The businesses that come out ahead in the token-billing era are not the ones using AI the most. They are the ones who understand what each model call costs them and what it returns.

That means auditing your current AI usage before any new tools go live. Which workflows are running? How often? How many tokens per run? What is the business output? A workflow that saves a team member two hours per week at $0.15 in API costs is a strong return. One that runs hourly, processes large documents, and saves the team ten minutes per week is not.

It also means building AI systems with cost visibility from the start. Token counts, cost per run, and cost per output should be logged and reviewable, not invisible. If the team running an AI automation cannot tell you what it costs to run, they cannot tell you whether it is working.

This is not a pessimistic case against AI. The tools are genuinely useful and the use cases are real. But a tool that costs more than it saves is not a competitive advantage. It is a liability dressed up in impressive demos.

The Meter Is Now Running

GitHub Copilot was a wake-up call for individual developers. The equivalent moment for businesses is coming. Some providers will raise prices quietly. Others will restructure tiers. A few will introduce hard caps that make token-based billing feel nostalgic. The direction is the same regardless of the mechanism.

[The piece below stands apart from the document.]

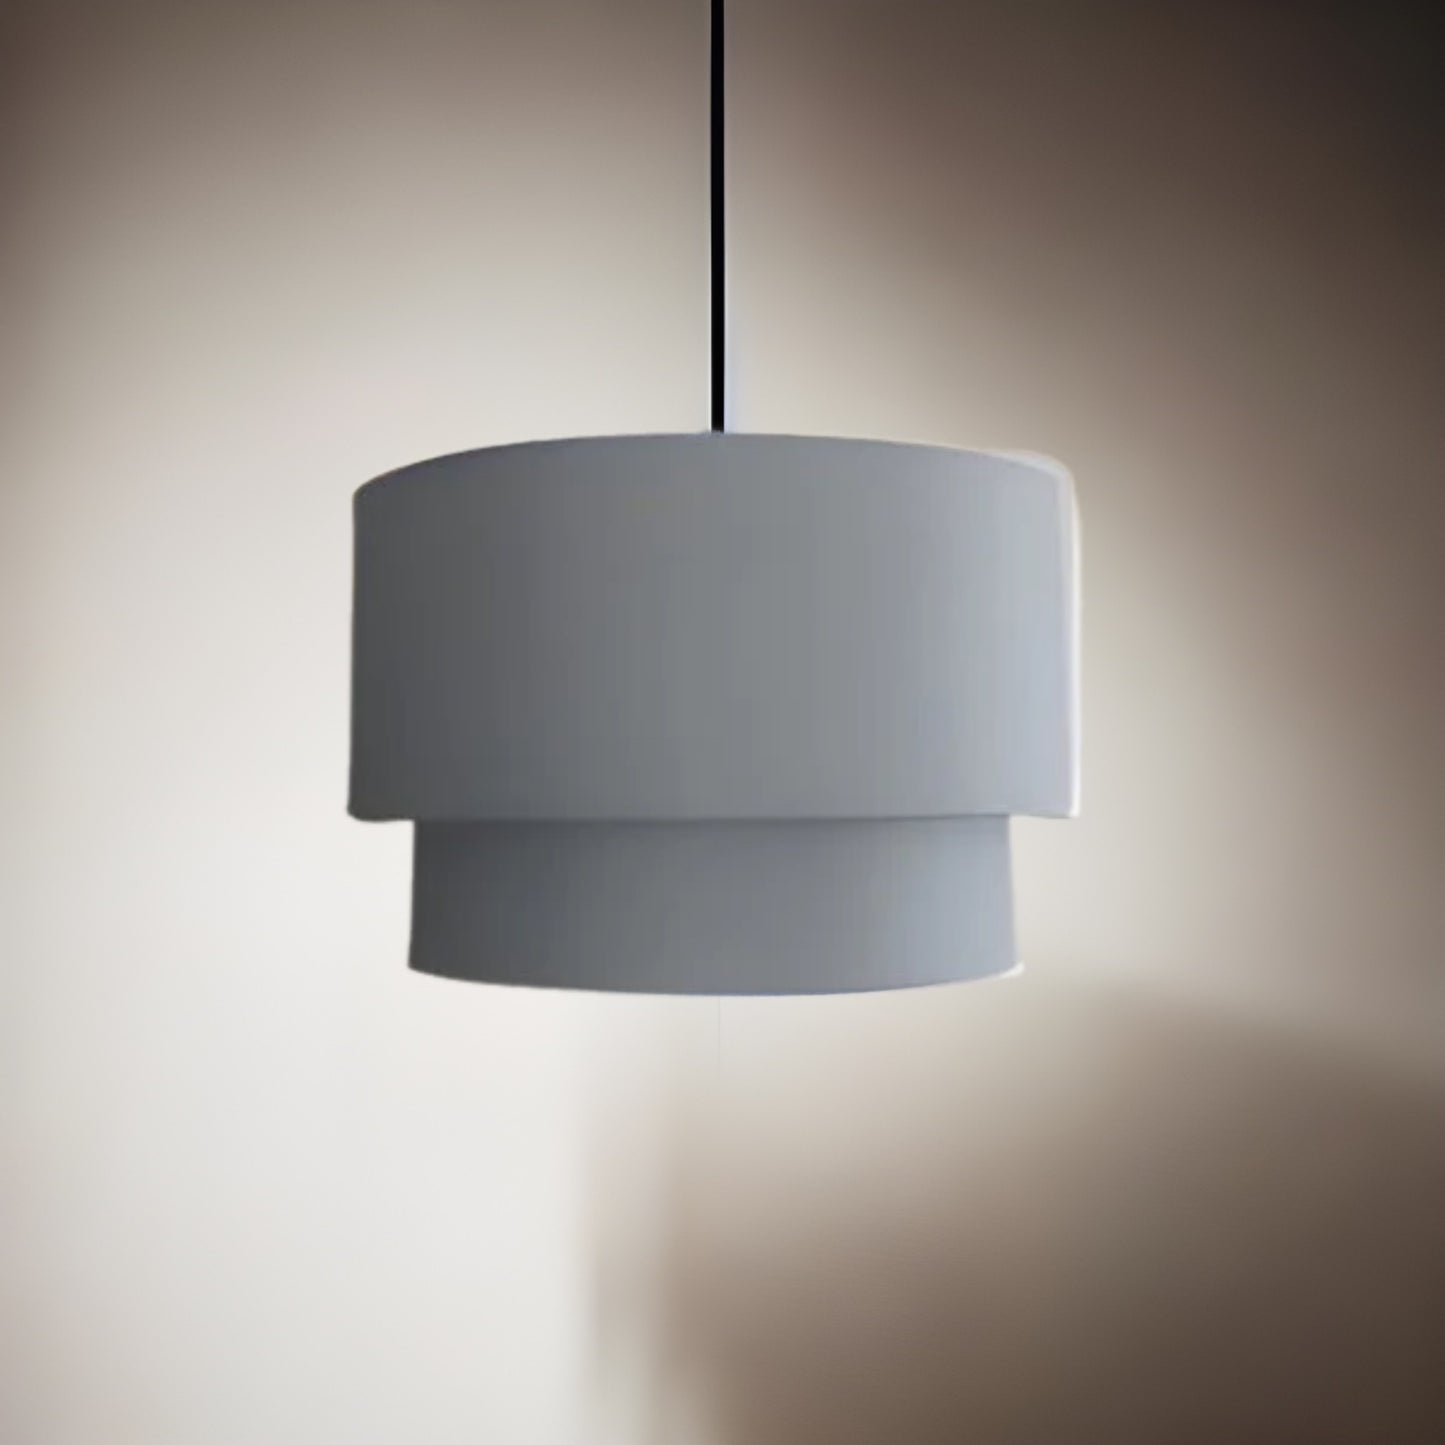 Our Kimber easy fit two tiered luxury fabric double layered shade is contemporary in its appearance and we have designed the shade to suit a range of interiors. Easy to fit simply attached to an existing pendant flitting.  It is crafted from high quality fabric material in two layers and complimented with a white inner.

The developers who adapted quickly to the Copilot change were the ones who already understood how the underlying models work. They knew which features burn tokens fast, which settings to adjust, and where the value actually sits. They optimised.

The ones who got hurt were treating AI as a vending machine: put a flat fee in, take outputs out, never think about what happens in between.

The flat-fee era is ending. Knowing what the meter reads is now part of the job.